**Instructions to follow**
Every line of the listing below is to be duplicated exactly, with the pictures left out.

**Data**
================================

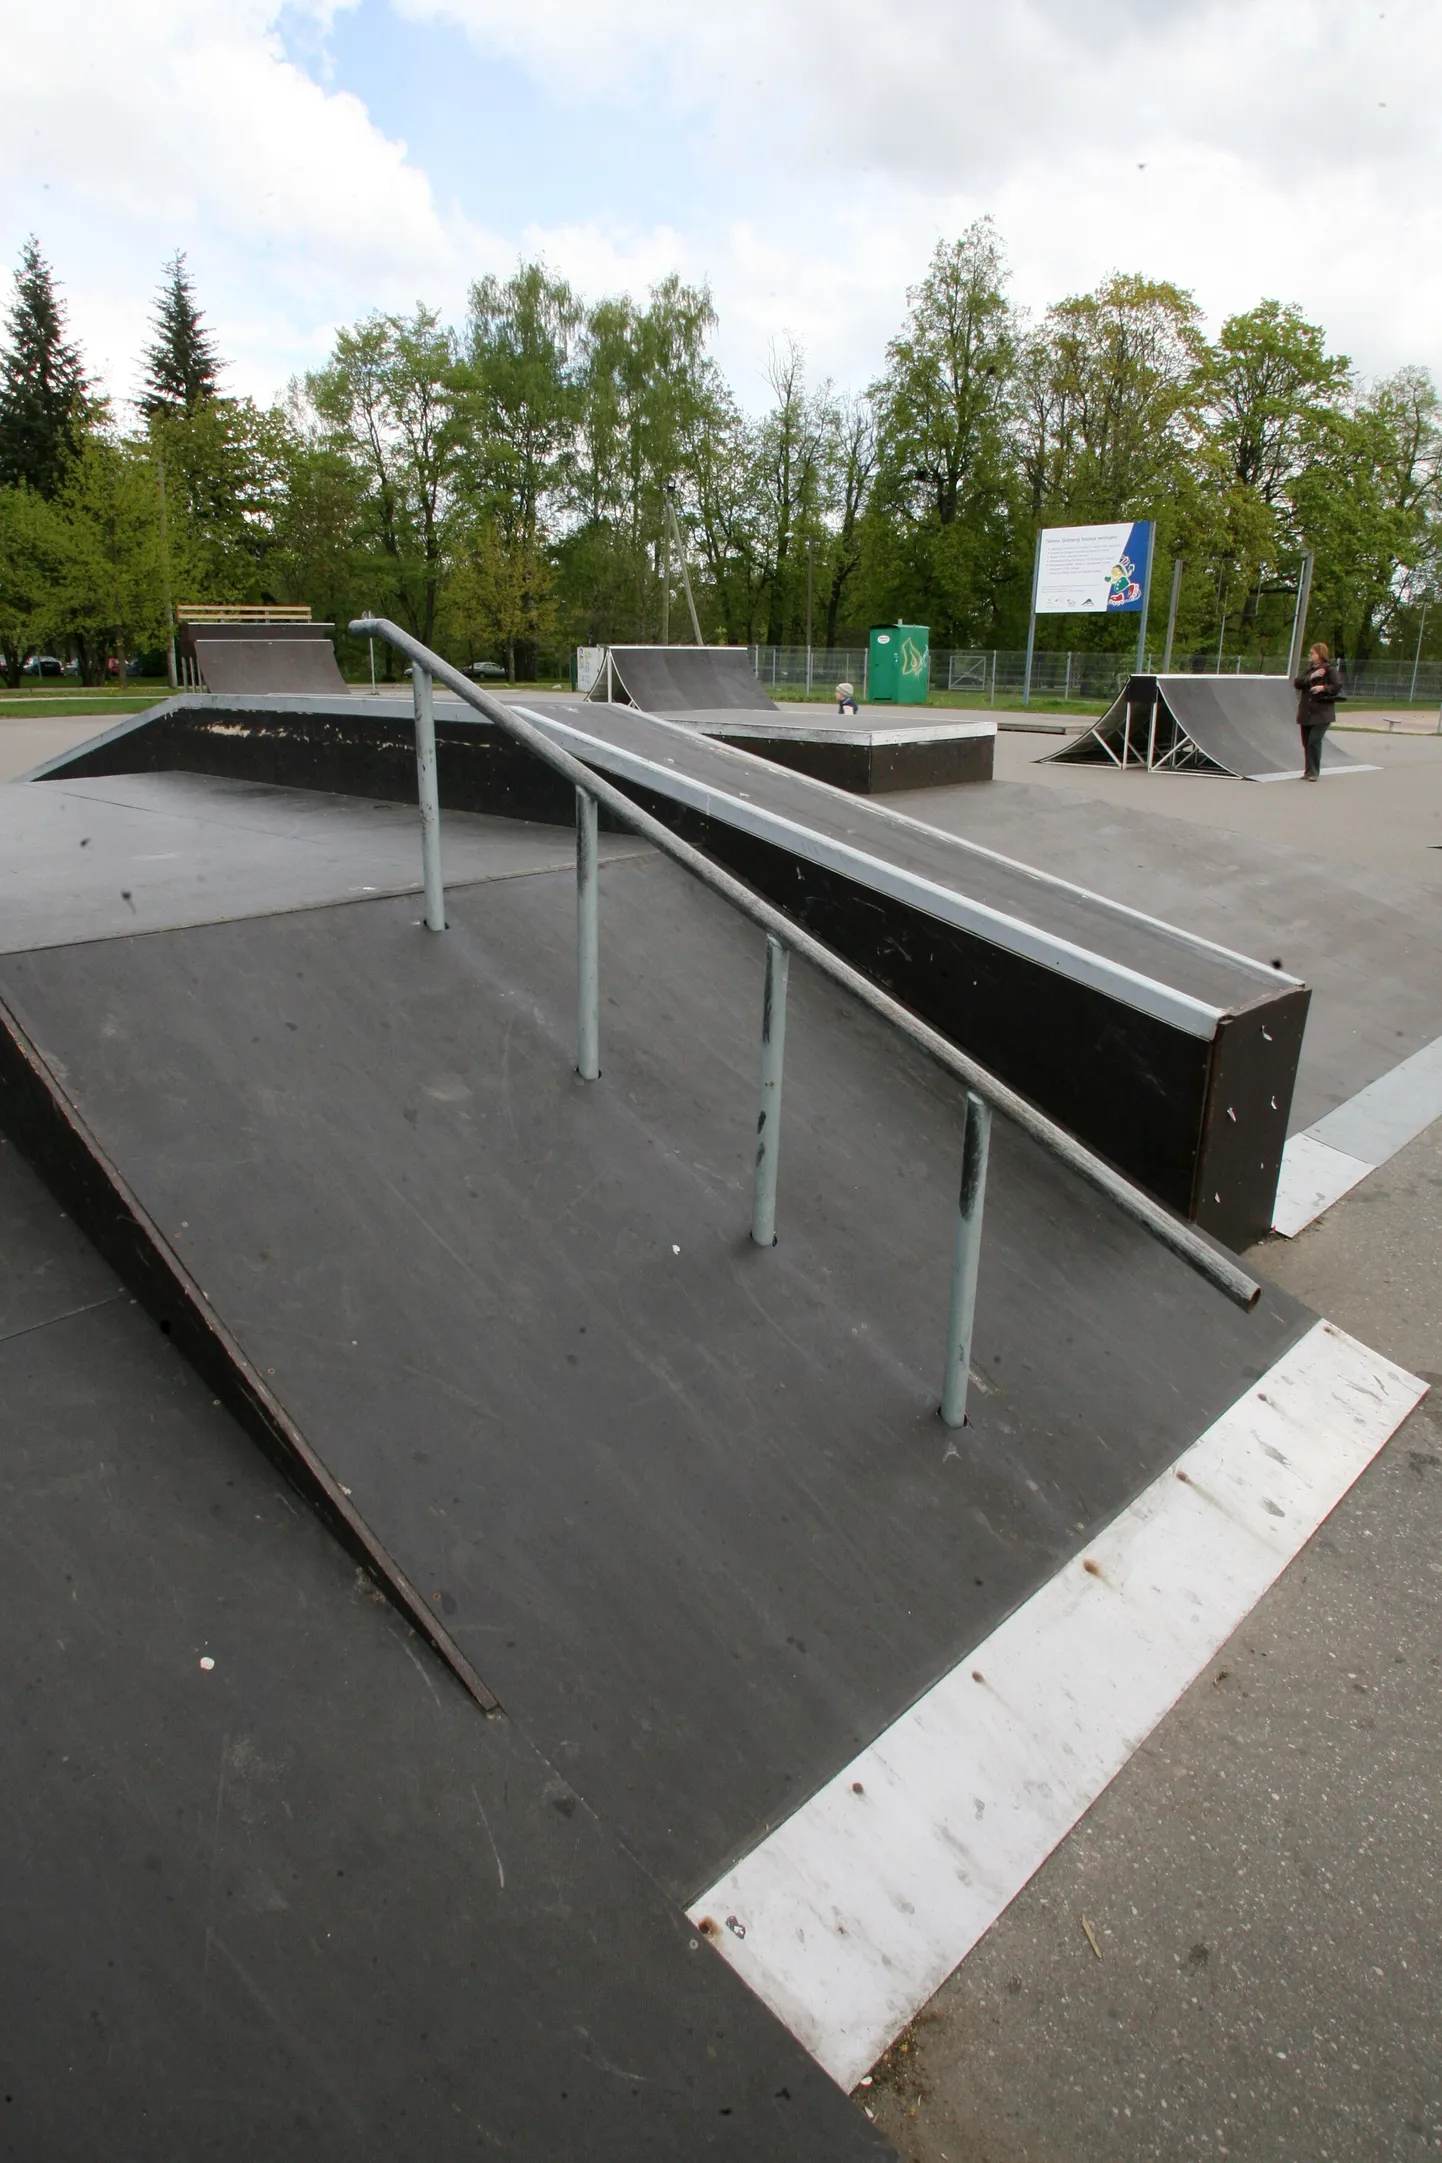 Kasutusloa sai ka hiljuti uuenduskuuri läbinud Tähtvere puhkepargi skatepark.
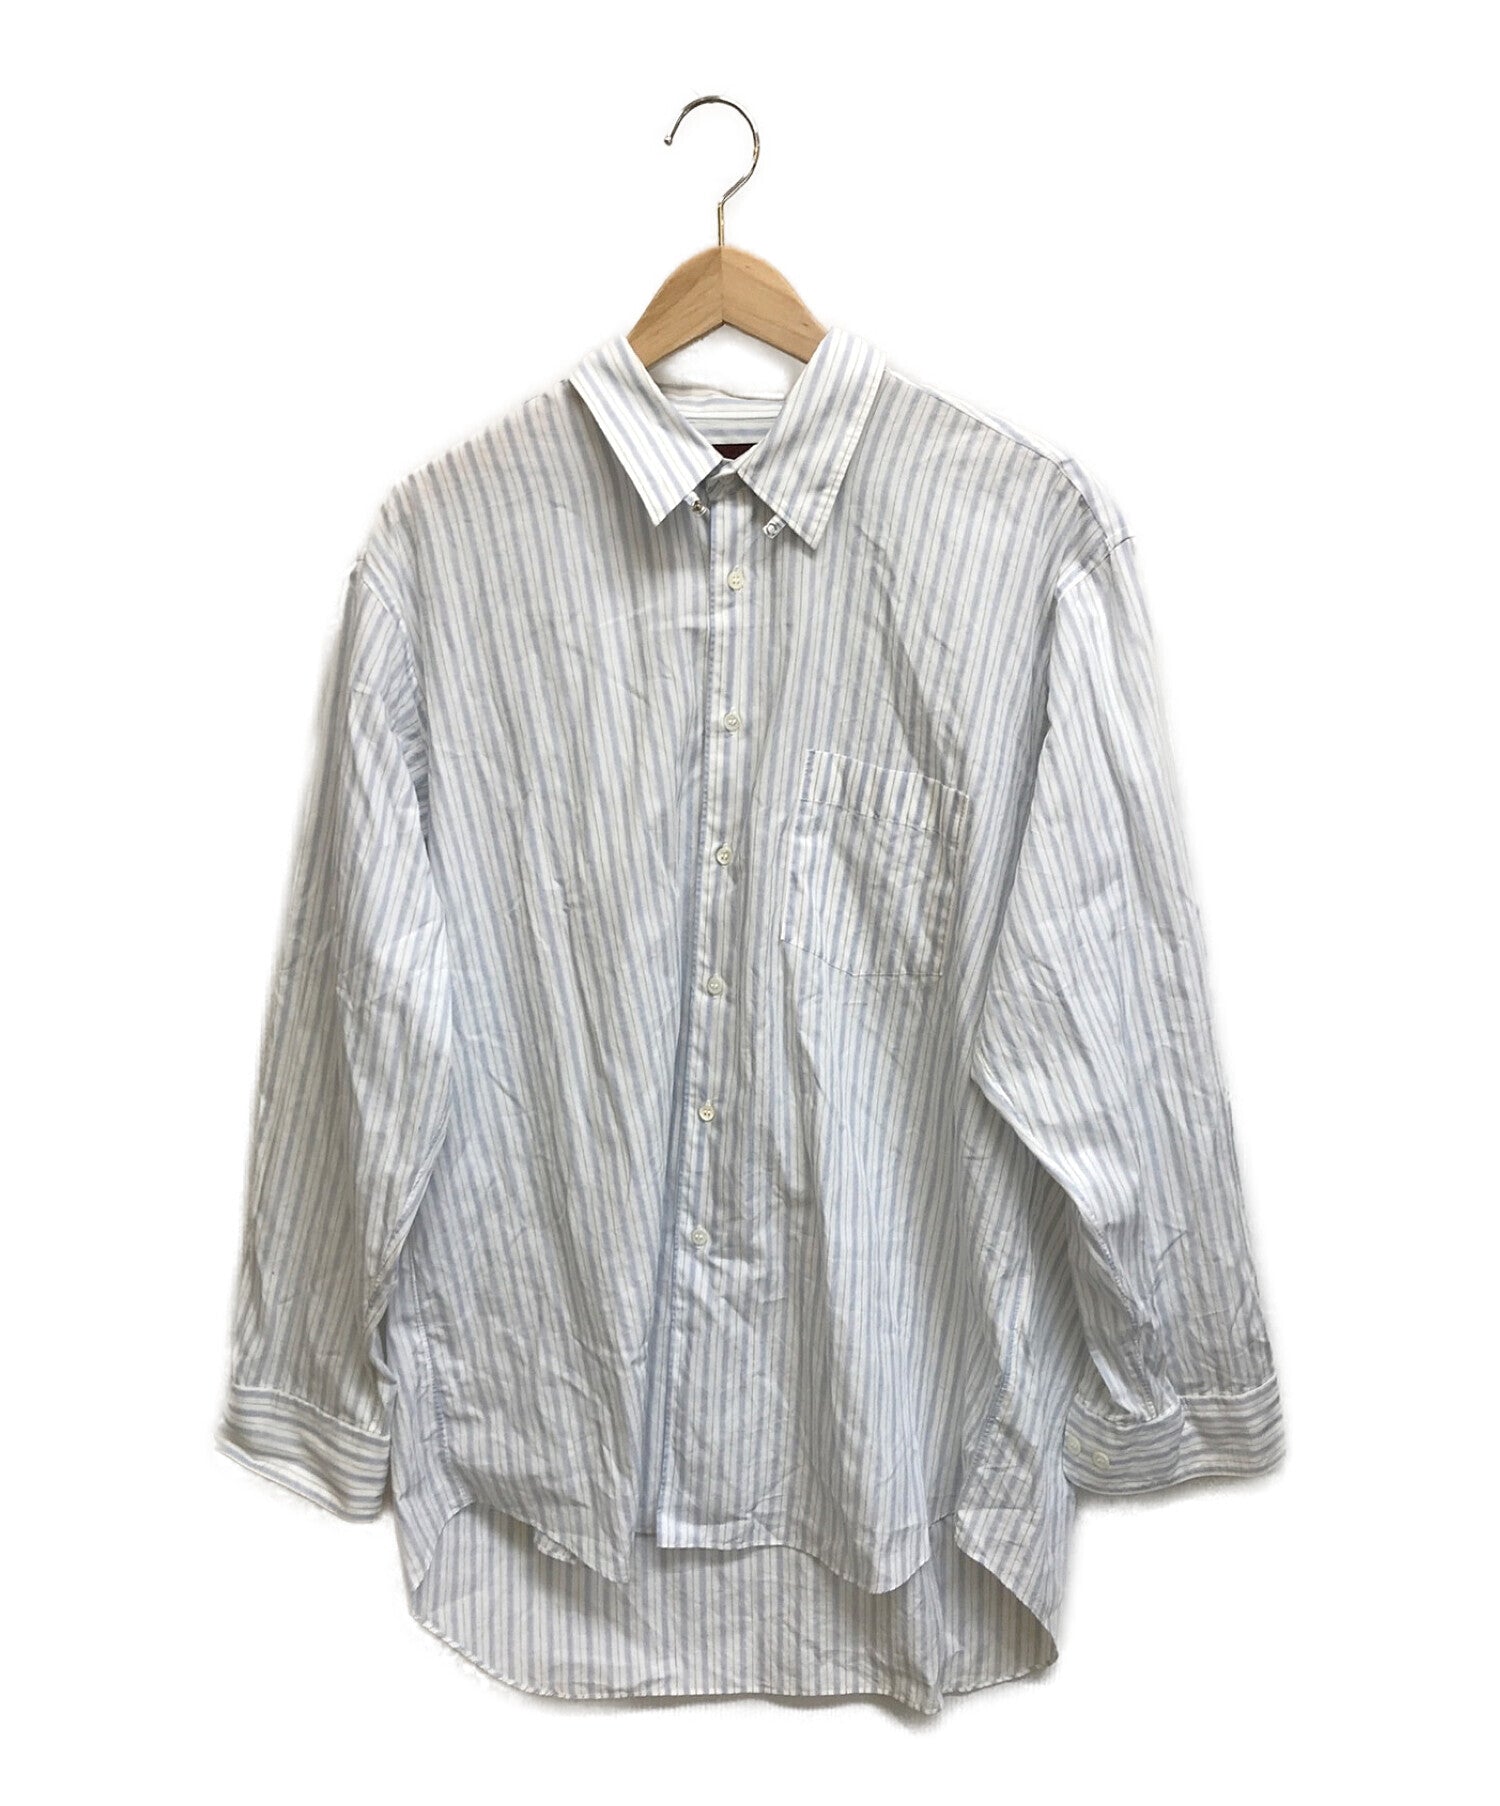 【日本産】COMME des GARCONS SHIRT オールド 縦柄 バイアスポケット ビッグシャツ フランス製 シャツジャケット ブルゾン 90s ストライプ Lサイズ以上
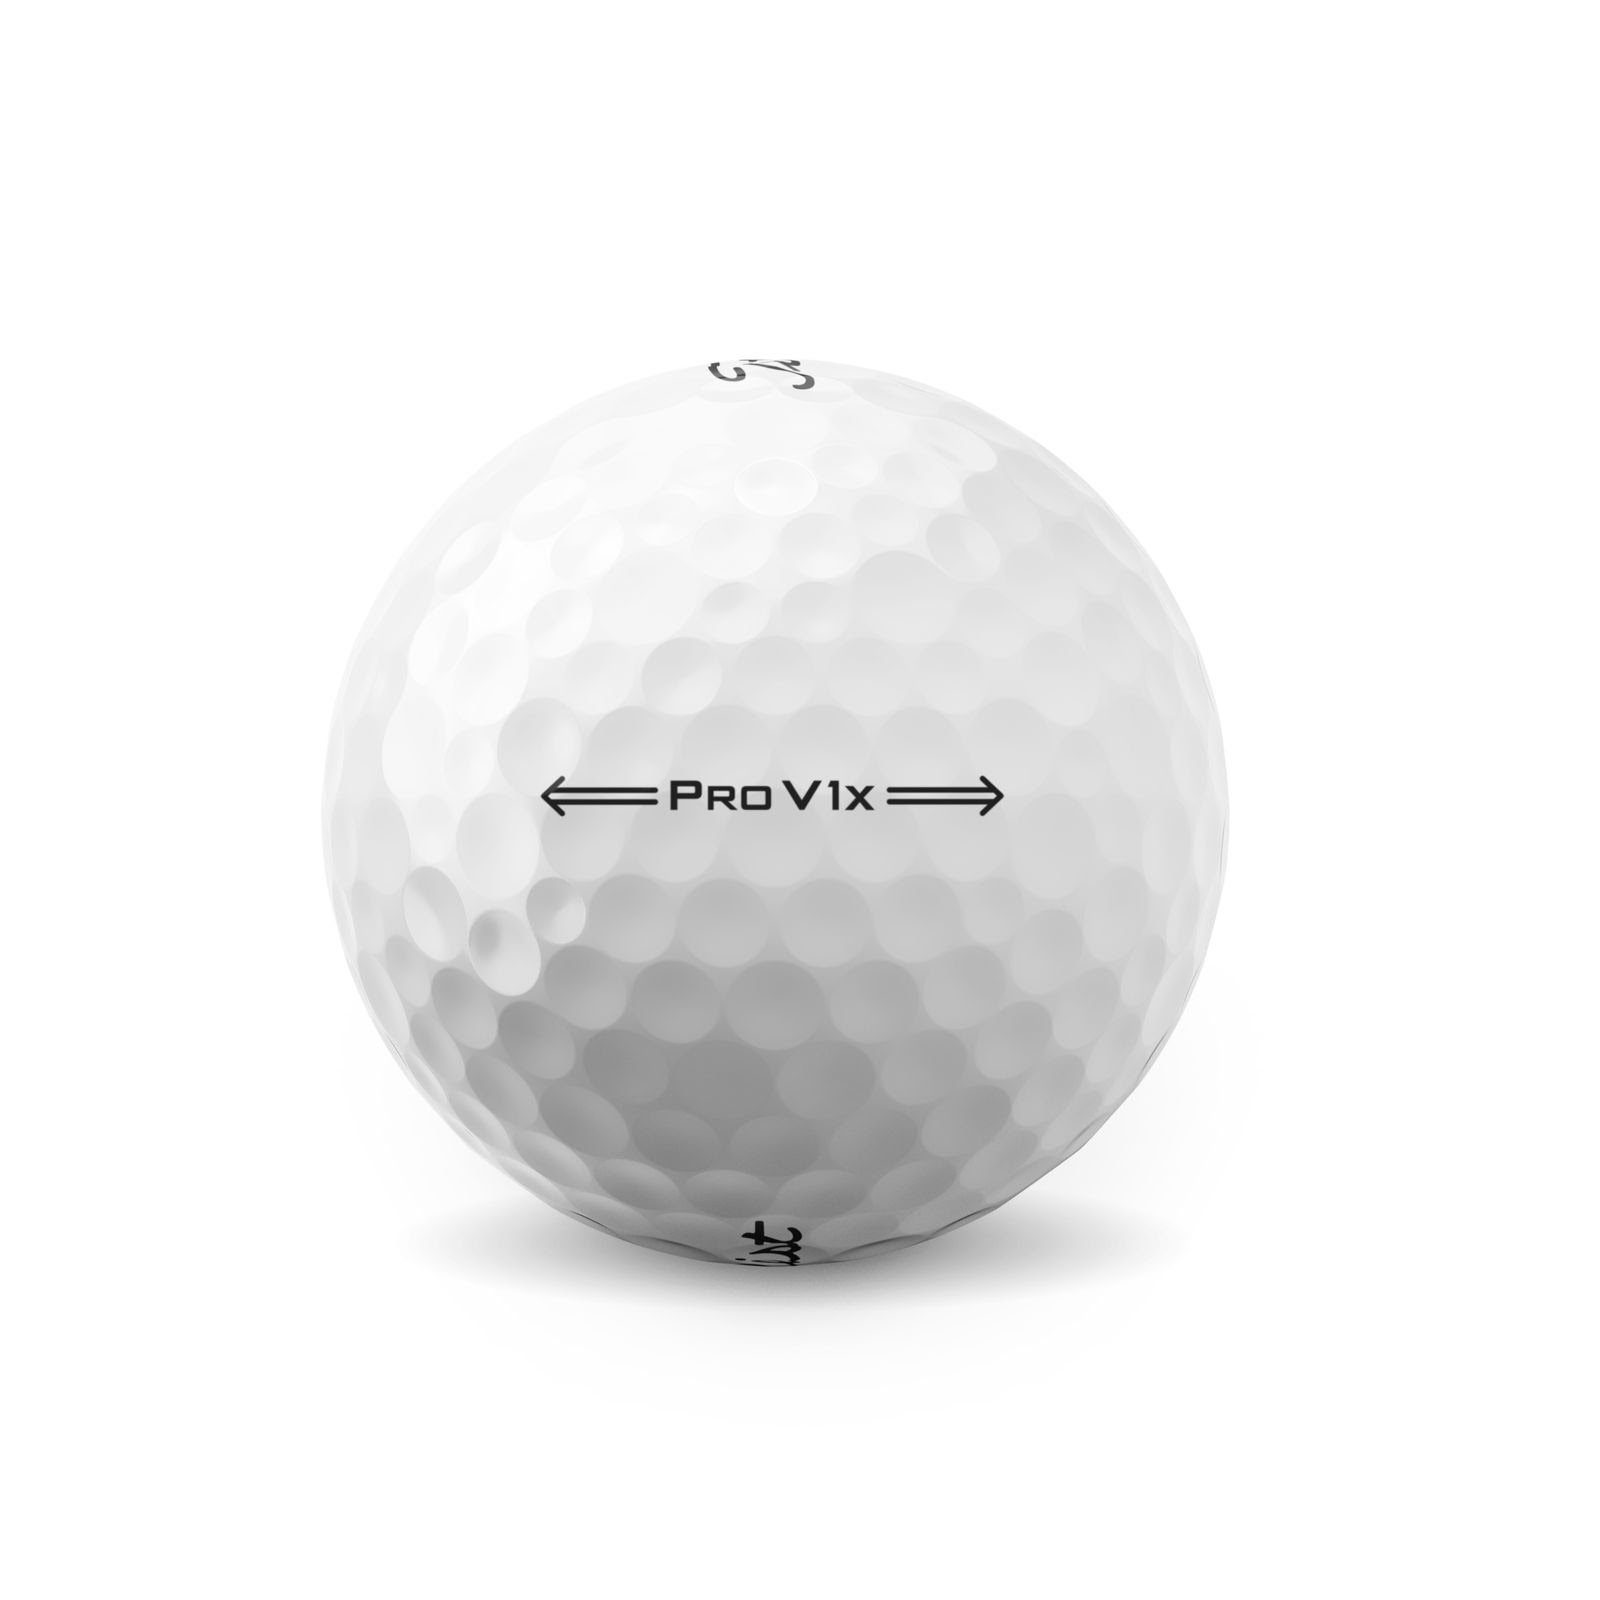 Weiß Spiel Spin Golfbälle Golfball Weichere Stück, Pro Urethan-Elastomer-Schale,High-Flex-Mantelschicht für 3-piece Titleist Titleist im langen 12 wenig gegossene V1x

================================

**Result**
 Kasutusloa sai ka hiljuti uuenduskuuri läbinud Tähtvere puhkepargi skatepark.
 【日本産】COMME des GARCONS SHIRT オールド 縦柄 バイアスポケット ビッグシャツ フランス製 シャツジャケット ブルゾン 90s ストライプ Lサイズ以上
 Weiß Spiel Spin Golfbälle Golfball Weichere Stück, Pro Urethan-Elastomer-Schale,High-Flex-Mantelschicht für 3-piece Titleist Titleist im langen 12 wenig gegossene V1x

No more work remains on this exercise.